What to work on: Starting at the line that contains "Médaille Dernière Cène dorée 1,5x1 4" and stopping at the line that contains "十億嘆くカスタムミニポータブ", transcribe every line of the material below exactly; pictures stay out.

Data under study:
§ §
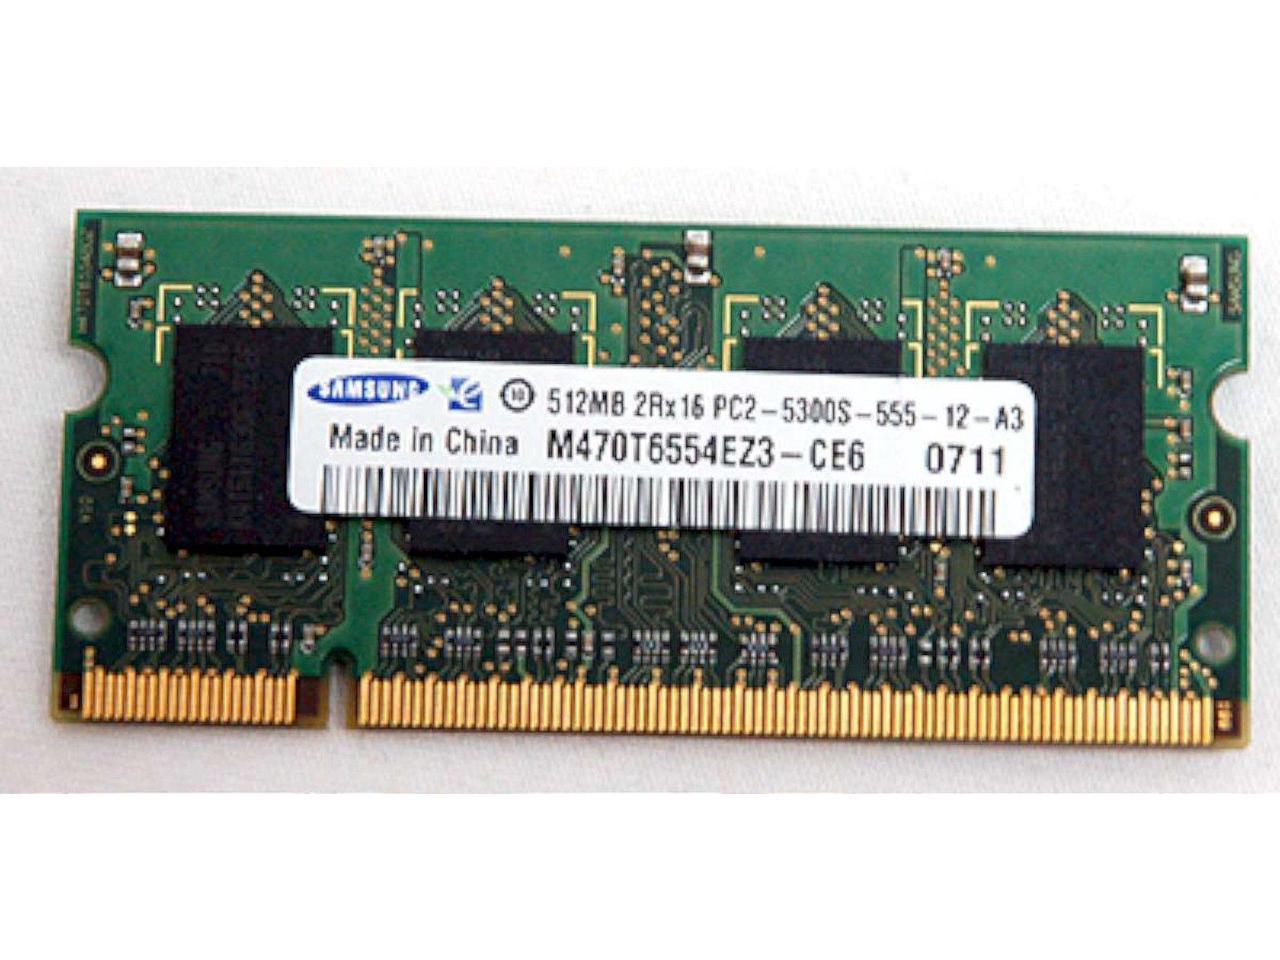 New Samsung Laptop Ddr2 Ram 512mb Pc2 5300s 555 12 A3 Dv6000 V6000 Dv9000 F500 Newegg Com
§ §
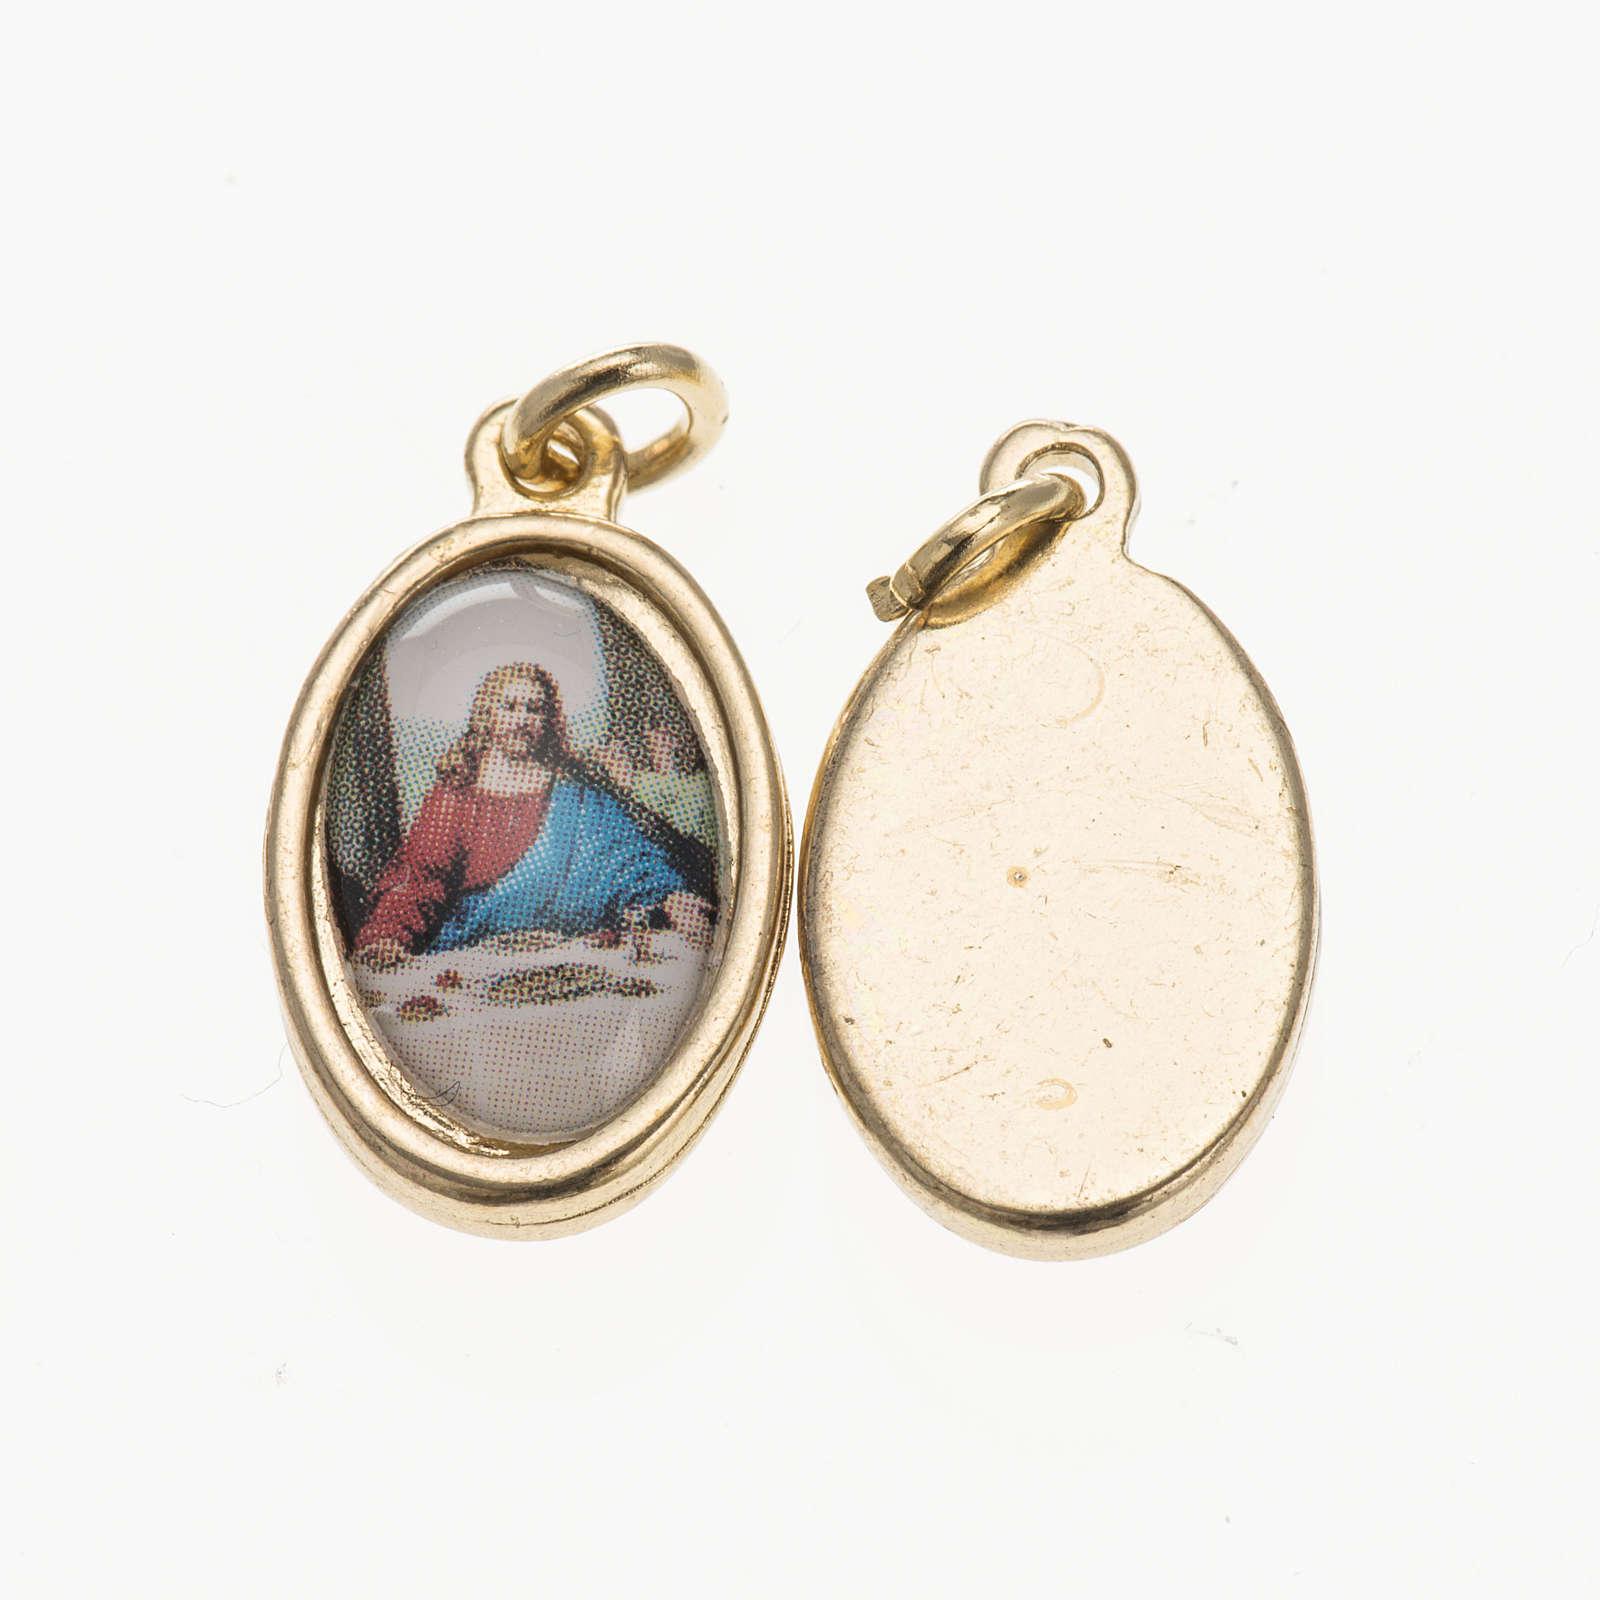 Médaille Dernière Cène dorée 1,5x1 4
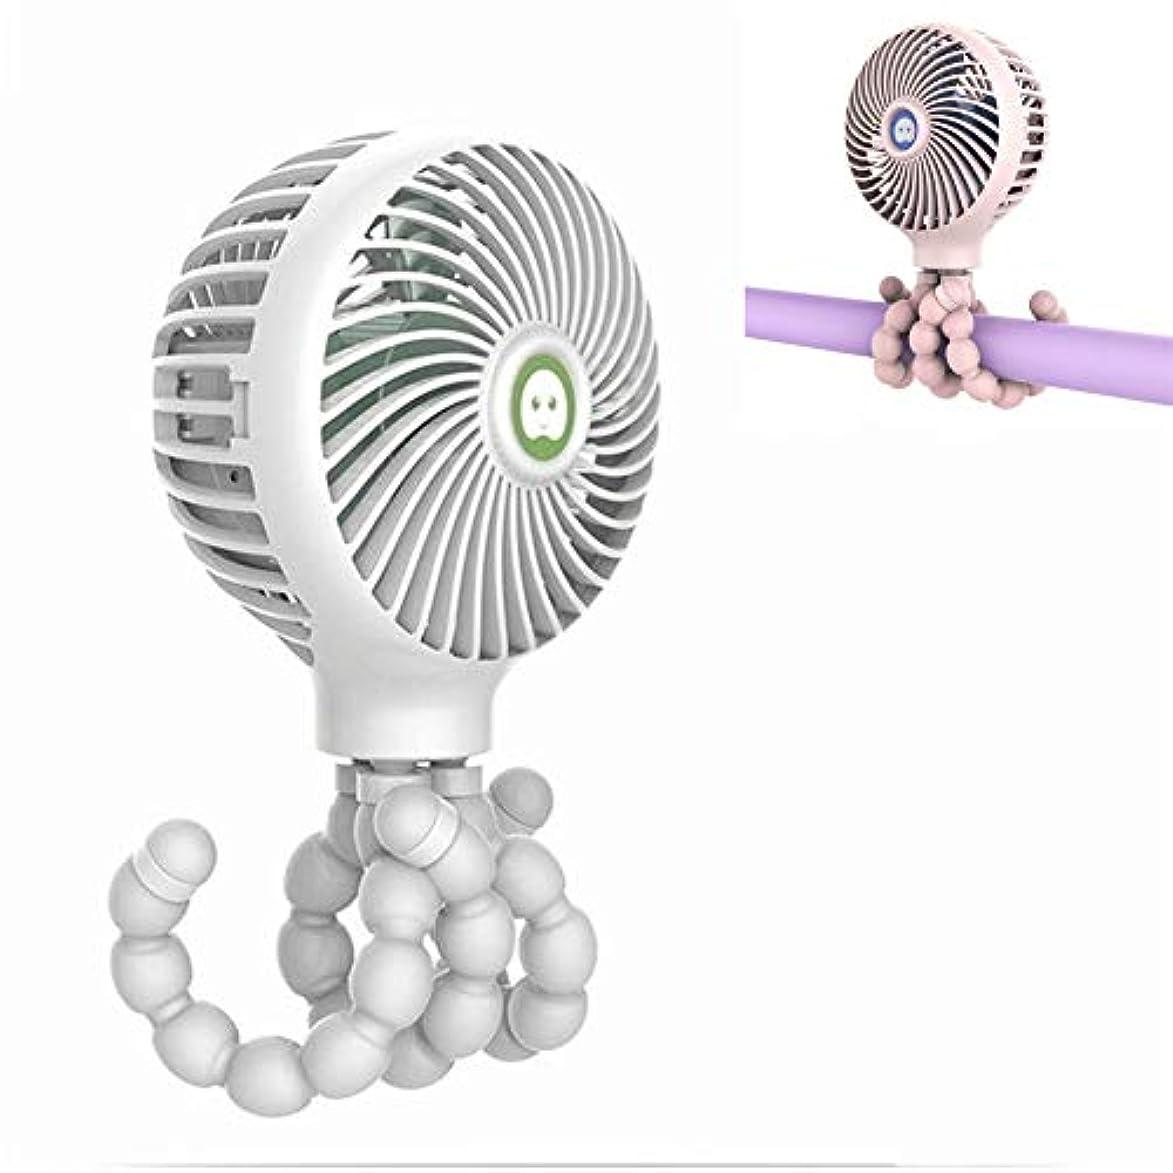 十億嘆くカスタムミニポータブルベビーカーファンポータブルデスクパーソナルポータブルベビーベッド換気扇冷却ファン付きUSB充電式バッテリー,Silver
§ §
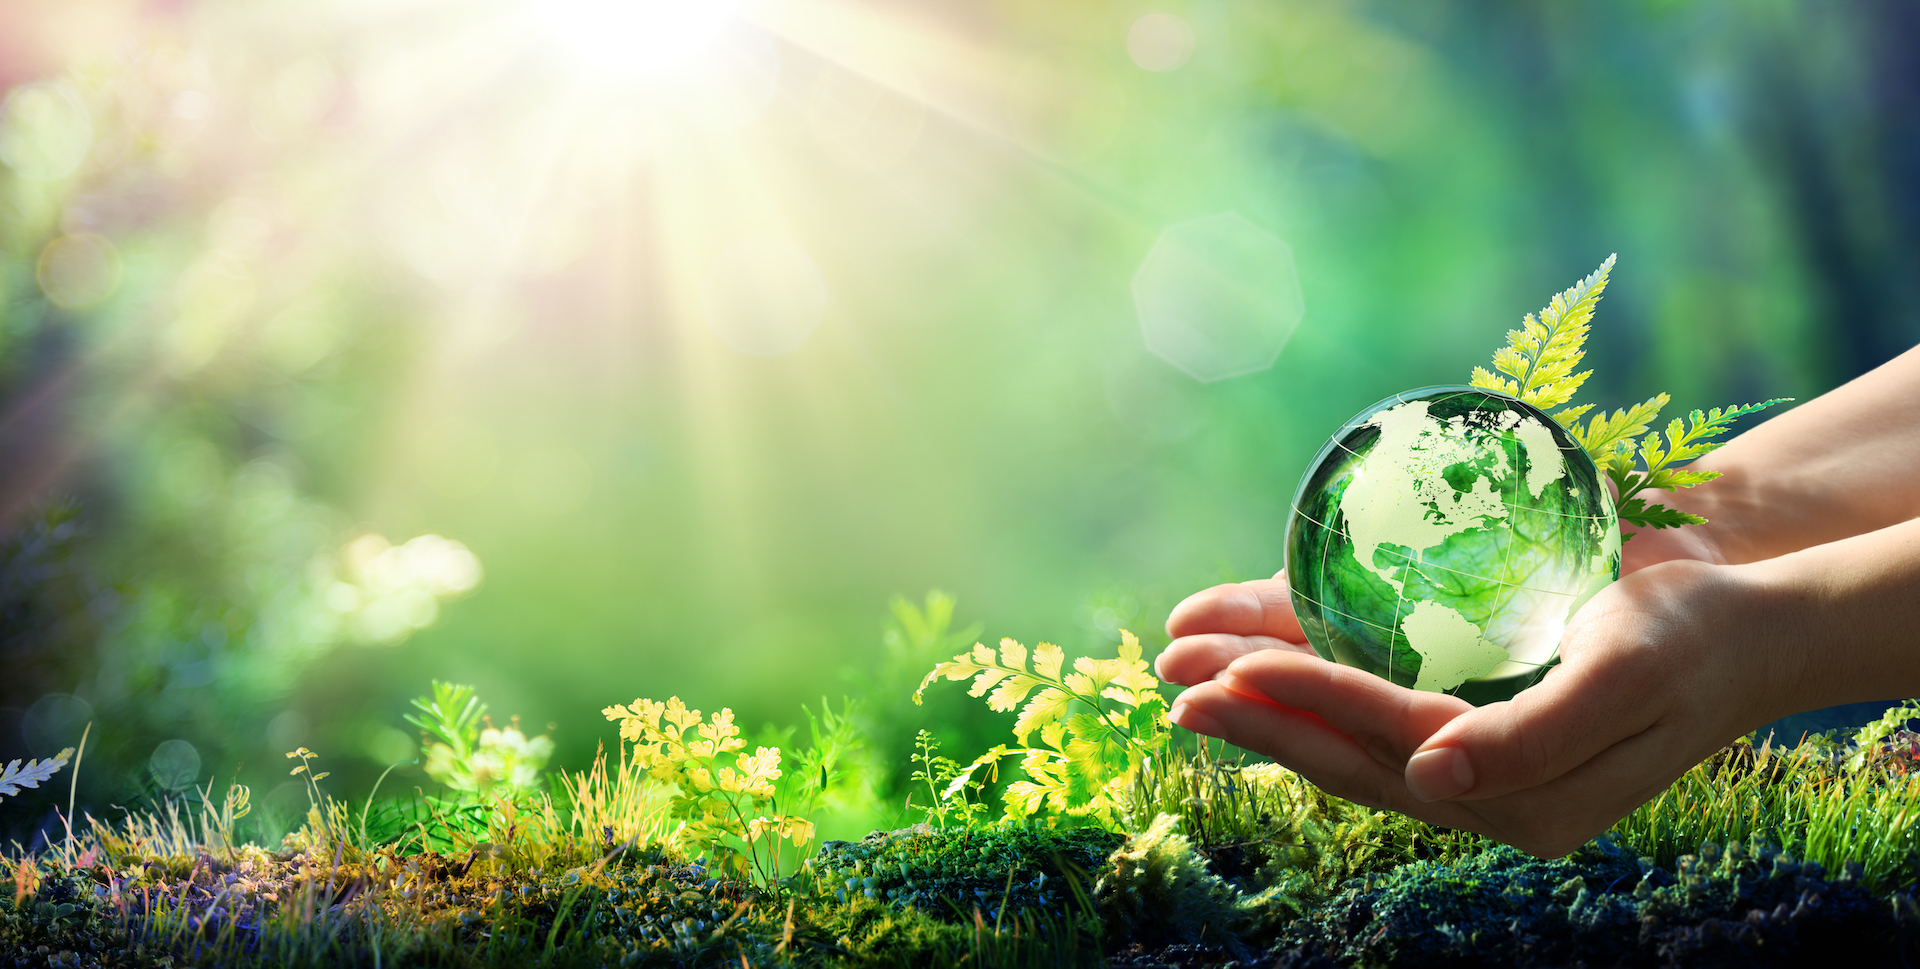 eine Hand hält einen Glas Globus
§ §
Result below:
 Médaille Dernière Cène dorée 1,5x1 4
 十億嘆くカスタムミニポータブルベビーカーファンポータブルデスクパーソナルポータブルベビーベッド換気扇冷却ファン付きUSB充電式バッテリー,Silver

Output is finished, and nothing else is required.